Maximum Demand Calculation [repack] Jun 2026

Usually calculated at 100% of its full load because it runs continuously during peak heat. Conclusion

Situation: A two‑storey office with:

Different regions rely on specific regulatory codes to standardize maximum demand calculations. While the underlying physics remains identical, the specific diversity factors and groupings applied vary by jurisdiction. AS/NZS 3000 (Australia & New Zealand)

15,000 VA×1.0=15,000 VA15 comma 000 VA cross 1.0 equals 15 comma 000 VA maximum demand calculation

Understanding Maximum Demand: A Practical Guide to Electrical Calculations

Maximum demand calculation is both a science (standards-based factors) and an art (engineering judgment). When uncertain, measure real data with a power logger — no calculation beats actual interval metering. For new designs, always add margin and confirm diversity assumptions with the end user.

Where the itself incorporates both Utility Factor (how long equipment is actually in use) and Diversity Factor . Usually calculated at 100% of its full load

Engineers typically use one of four approaches outlined in standards like AS/NZS 3000 or BS 7671 : Maximum Demand Tables - ELEK Software

MD is not an instantaneous spike; it is an average over a window (typically 15 minutes).

The demand interval chosen by the utility—15 minutes, 30 minutes, or even one hour—determines how short a peak is captured. A very short interval penalises momentary spikes; a longer interval smoothes them out. Understanding the local interval is essential when interpreting meter data and negotiating contracted demand. AS/NZS 3000 (Australia & New Zealand) 15,000 VA×1

This is the standard for design-stage calculations when no real load data exists.

single-phase main circuit breaker and select consumer main cables rated to match or exceed that protective threshold. If youg., AS/NZS 3000, NEC, BS 7671) you are using? Whether your project is or three-phase ?

Calculating maximum demand is a balancing act between capacity and reality. By applying diversity factors to the total connected load, engineers can design a system that handles peak usage without the prohibitive costs of building for a "worst-case scenario" that never actually happens.

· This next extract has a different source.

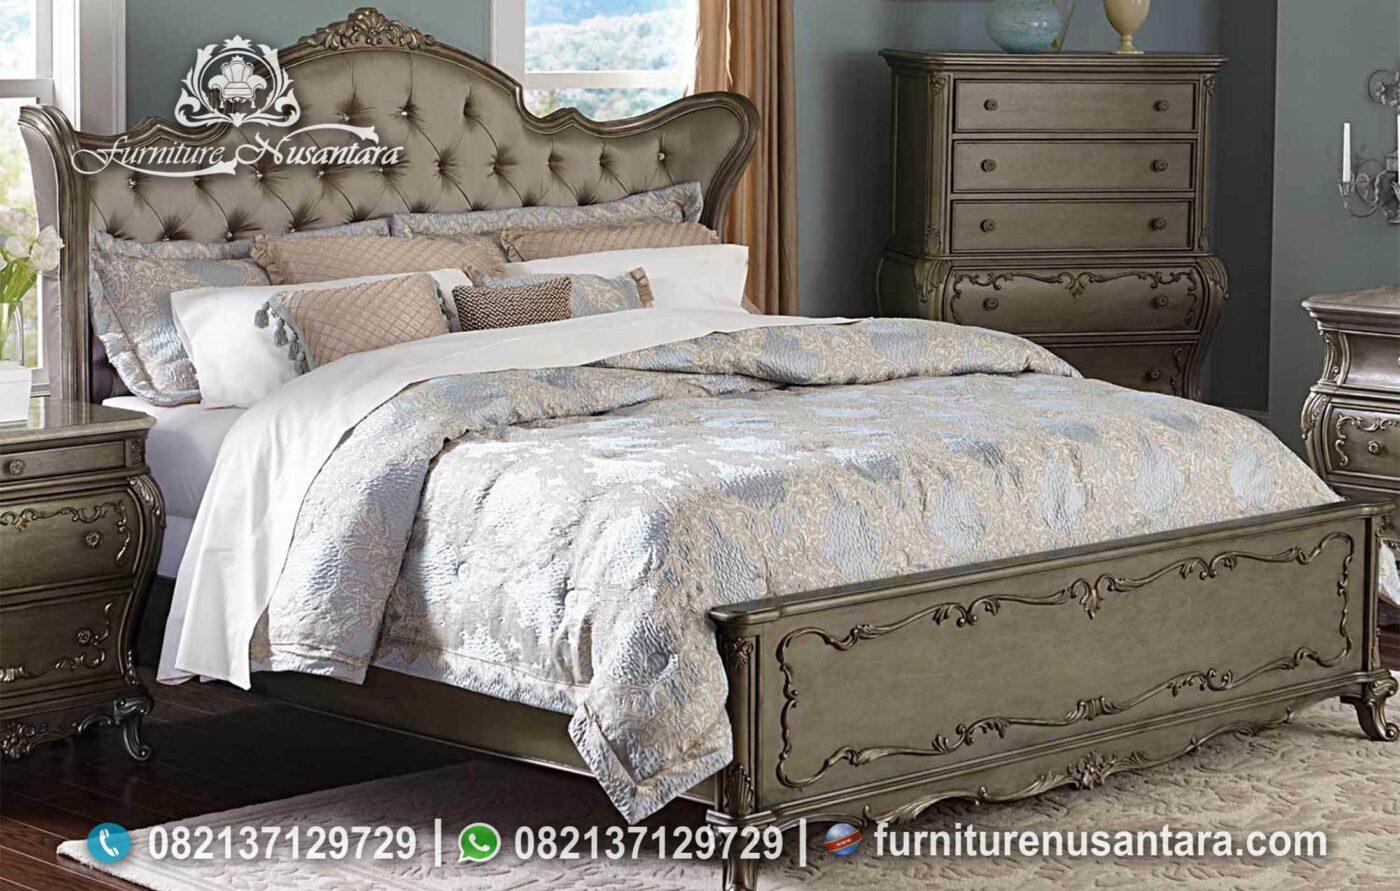 Jual Tempat Tidur Sederhana Termurah KS-244, Furniture Nusantara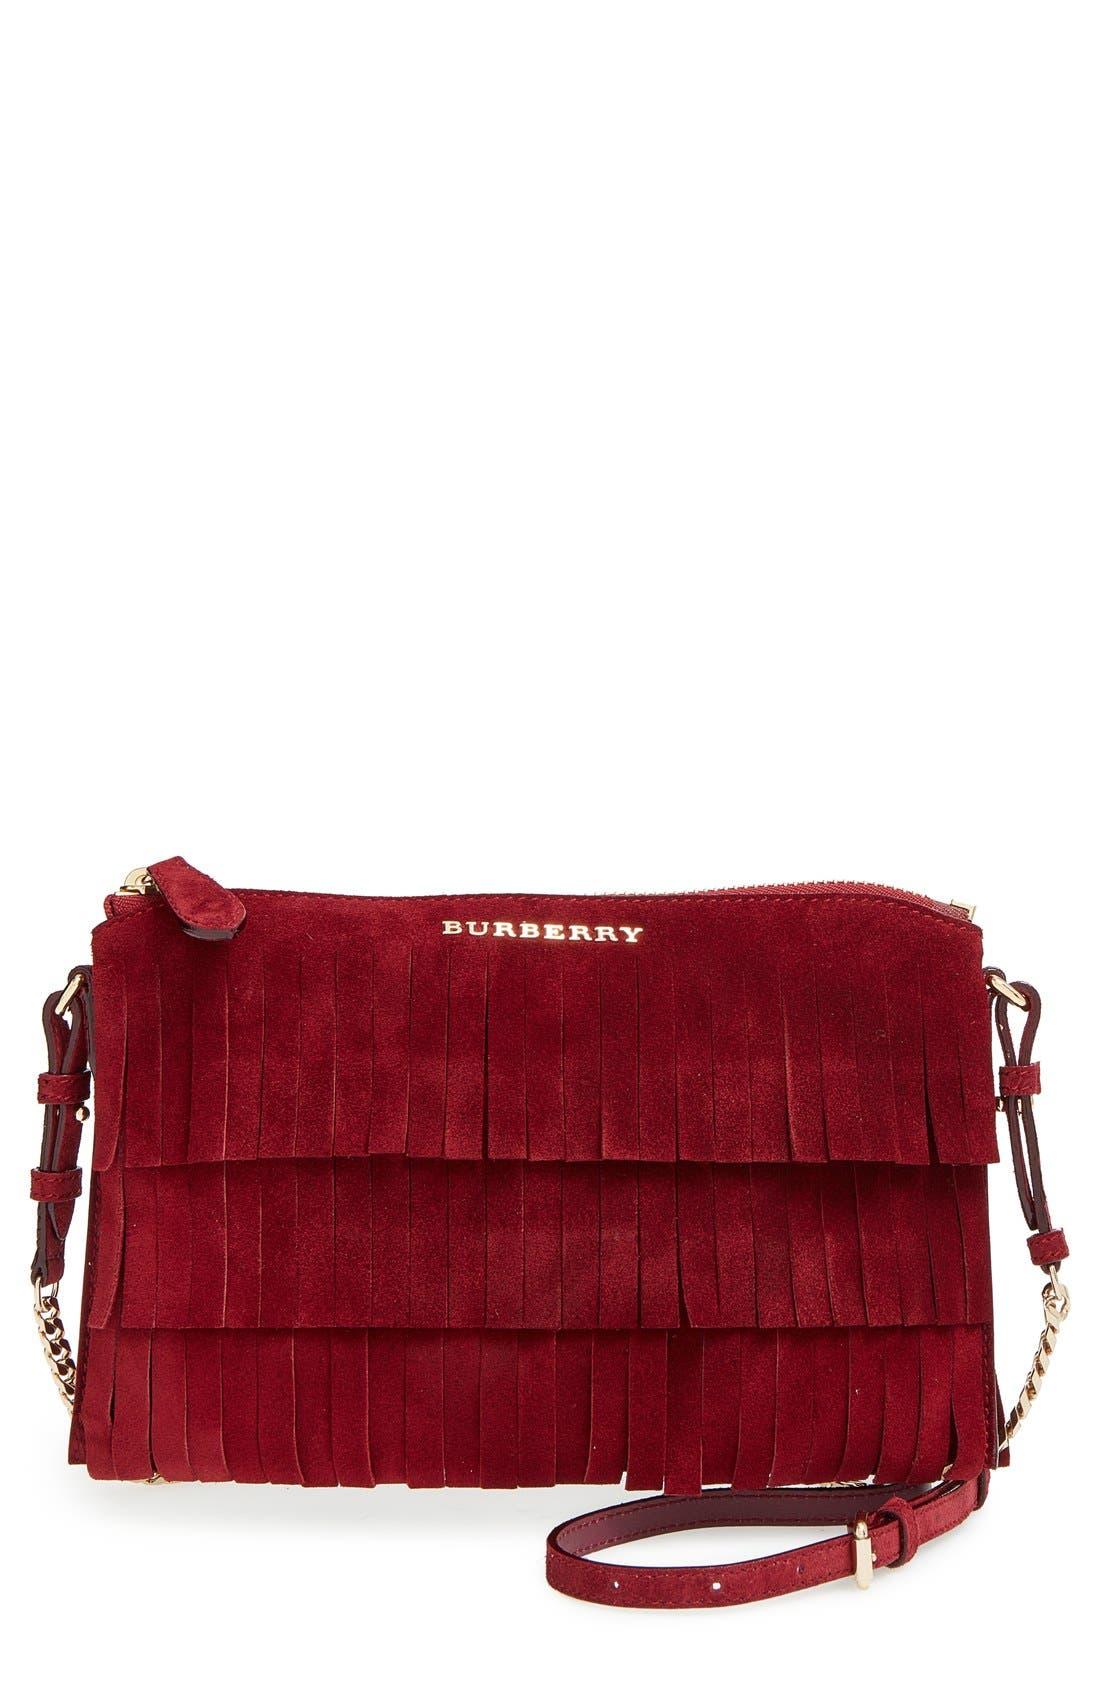 BURBERRY 'Peyton' Fringe Suede Crossbody Bag, Main, color, 600

To make the concepts concrete, here are three examples covering typical installation types.

Consider a facility with a 15-minute demand interval. The metering device records energy consumption (kWh) every few seconds. At the end of each minute, it calculates the average power over the preceding 15 minutes. The highest such average recorded during a billing period—for instance, a month—becomes the MD. If a large welding machine operates for only 5 minutes, its full power may not be fully captured in the 15-minute average, especially if preceding minutes were low. However, a sustained run of a 500 kW chiller for 20 minutes will fully register. Therefore, MD penalizes sustained heavy usage, not brief anomalies. The choice of interval (shorter intervals capture sharper peaks, longer intervals favor smoothness) is a regulatory and utility decision that shapes consumer behavior.